## Provided data:

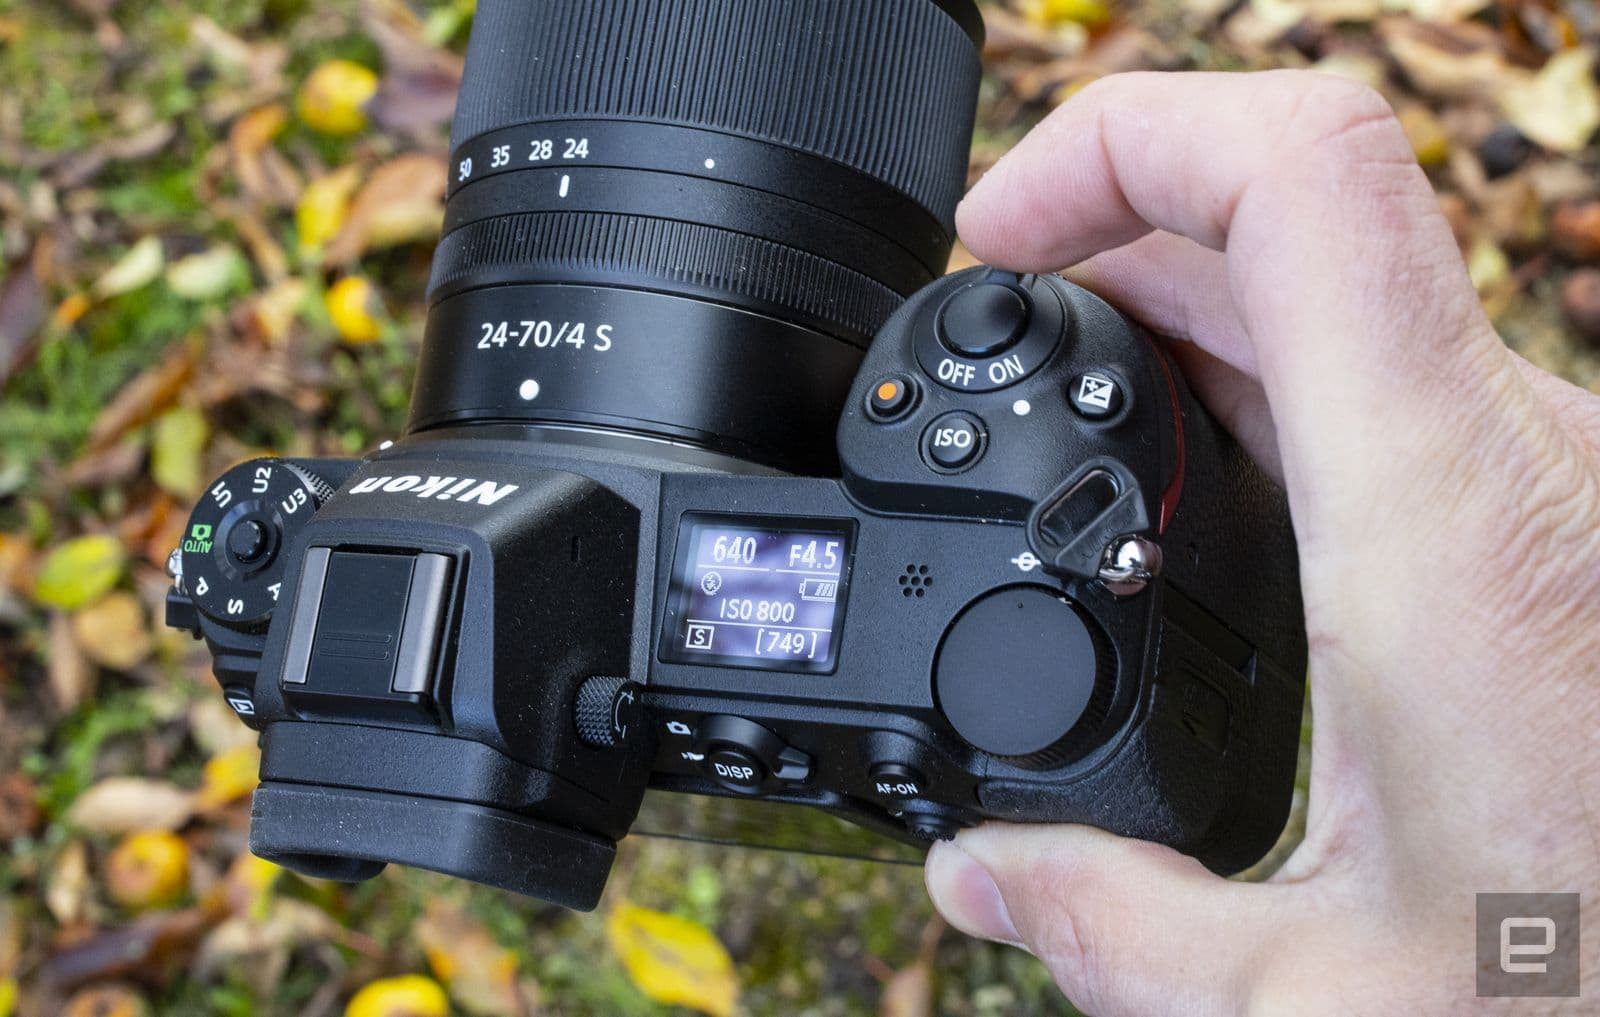 Nikon Z6 full-frame mirrorless camera review
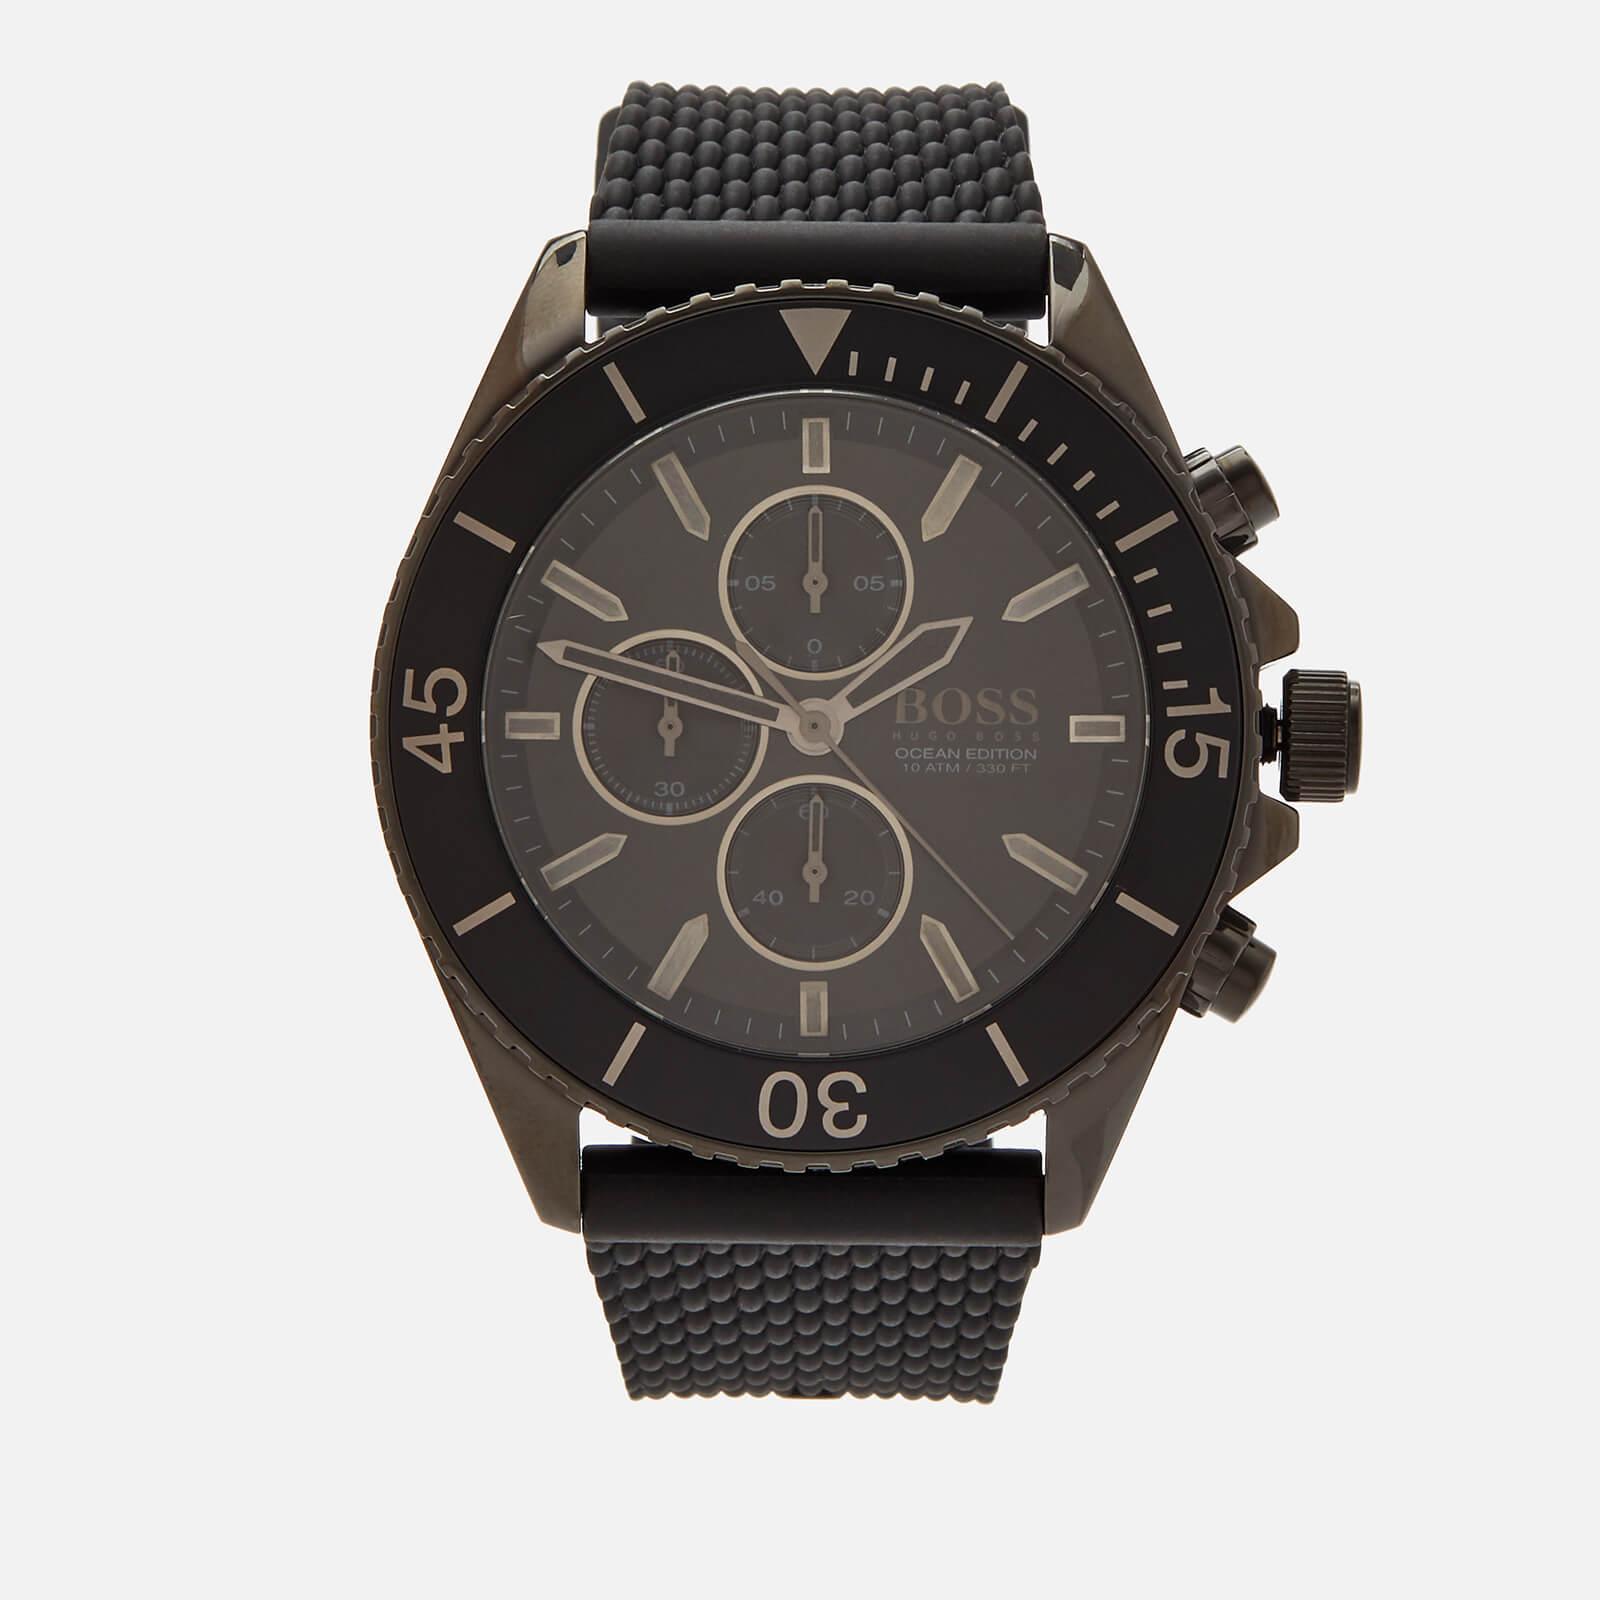 BOSS Hugo Boss Men's Ocean Edition Mesh Strap Watch - Rouge Black
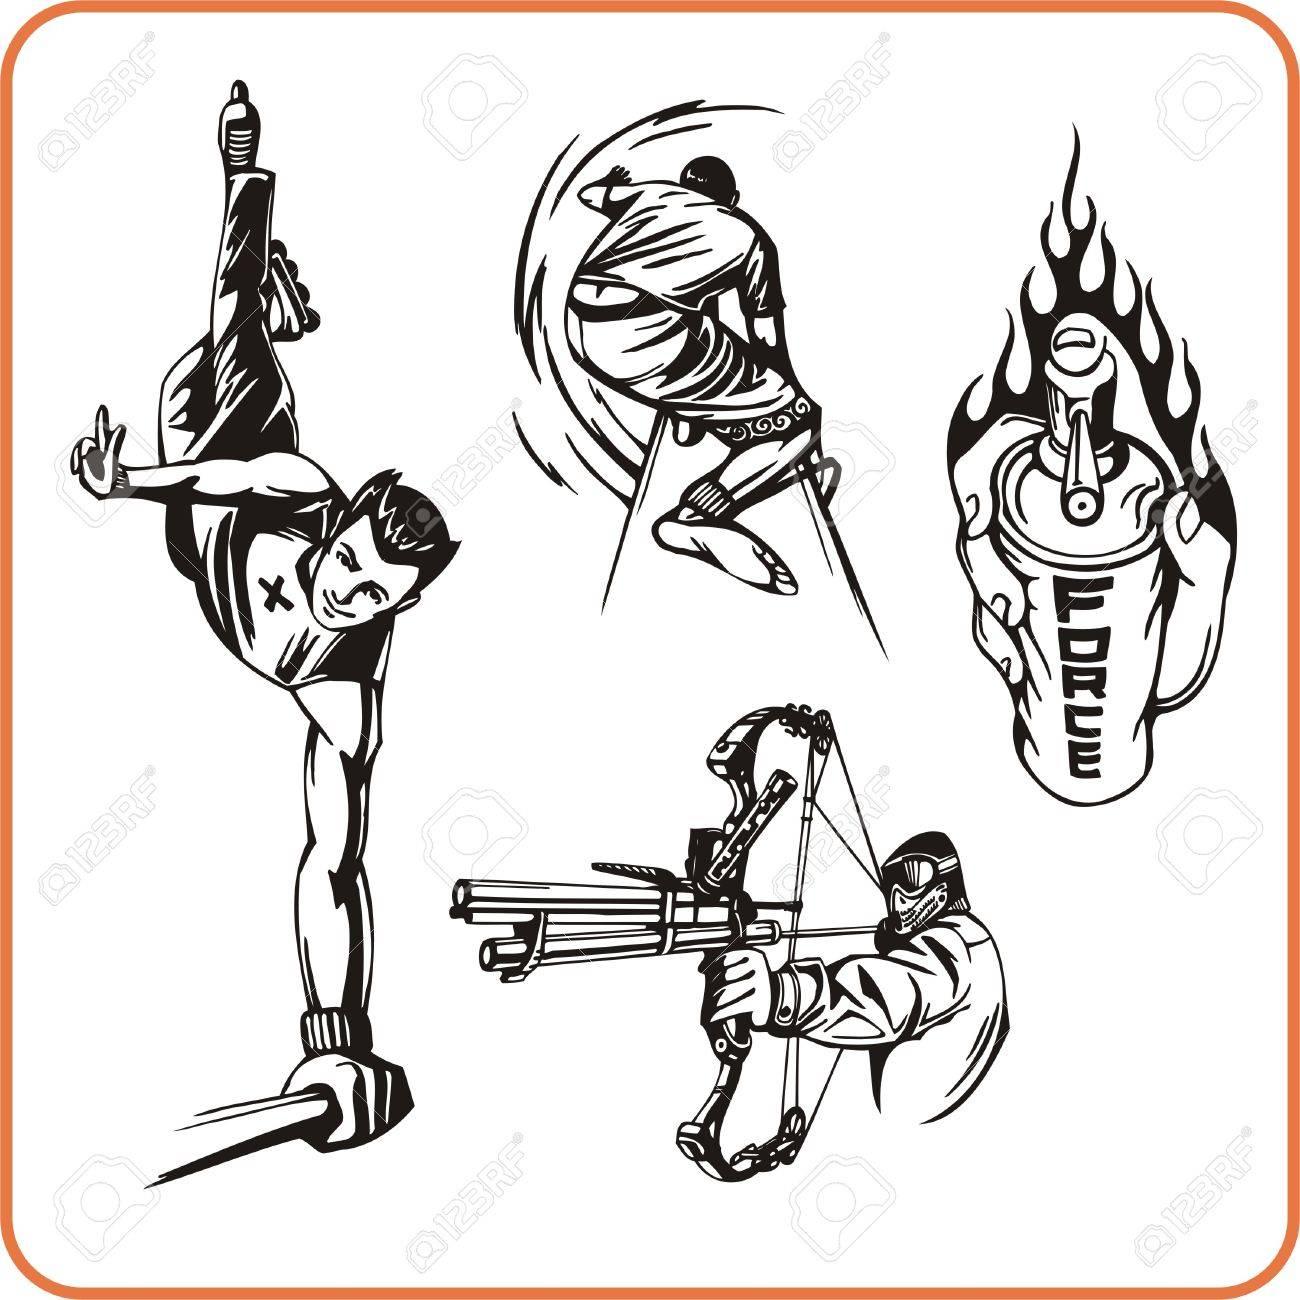 Extreme sport. Vector illustration. Vinyl-ready Stock Vector - 8070268
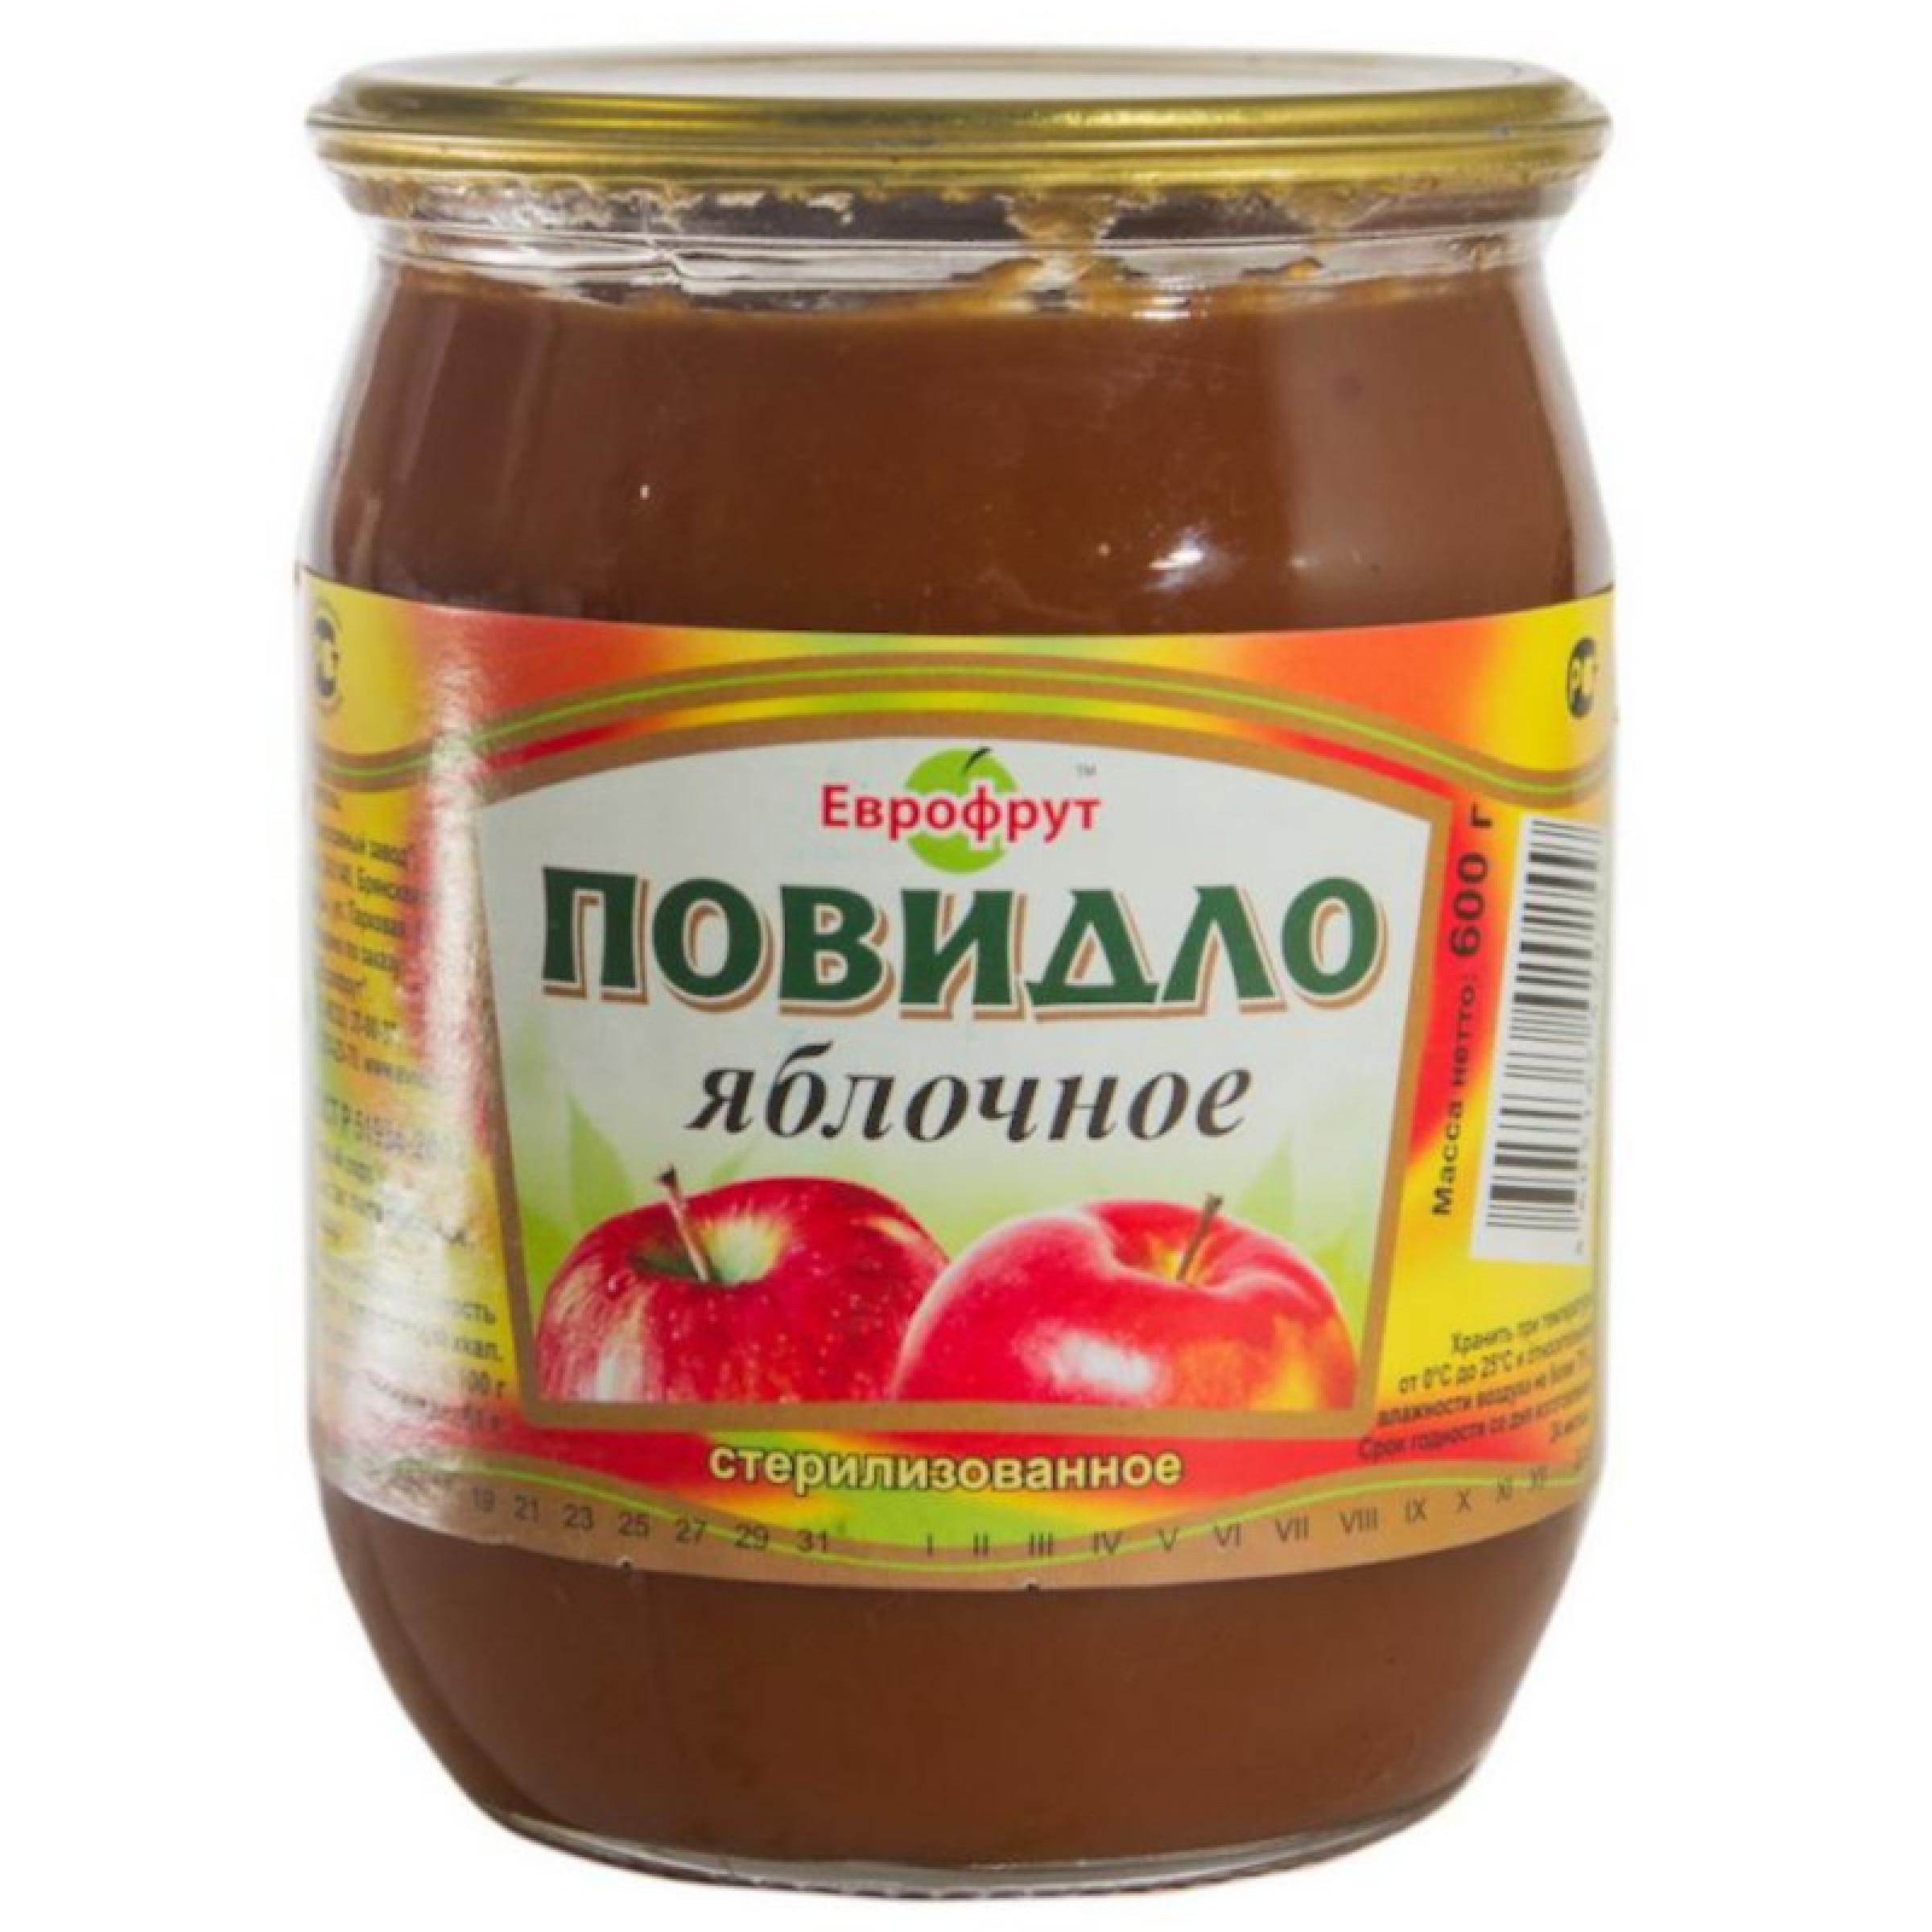 "Повидло яблочное ГОСТ ""Клинцы"", 600гр"

## What you are asked to do:
Print the lines from the line with "BOSS Hugo Boss" to the end of the data above. Include both ends, exclude the pictures, and add nothing else.

## Solution to this task:
 BOSS Hugo Boss Men's Ocean Edition Mesh Strap Watch - Rouge Black
 Extreme sport. Vector illustration. Vinyl-ready Stock Vector - 8070268
 "Повидло яблочное ГОСТ ""Клинцы"", 600гр"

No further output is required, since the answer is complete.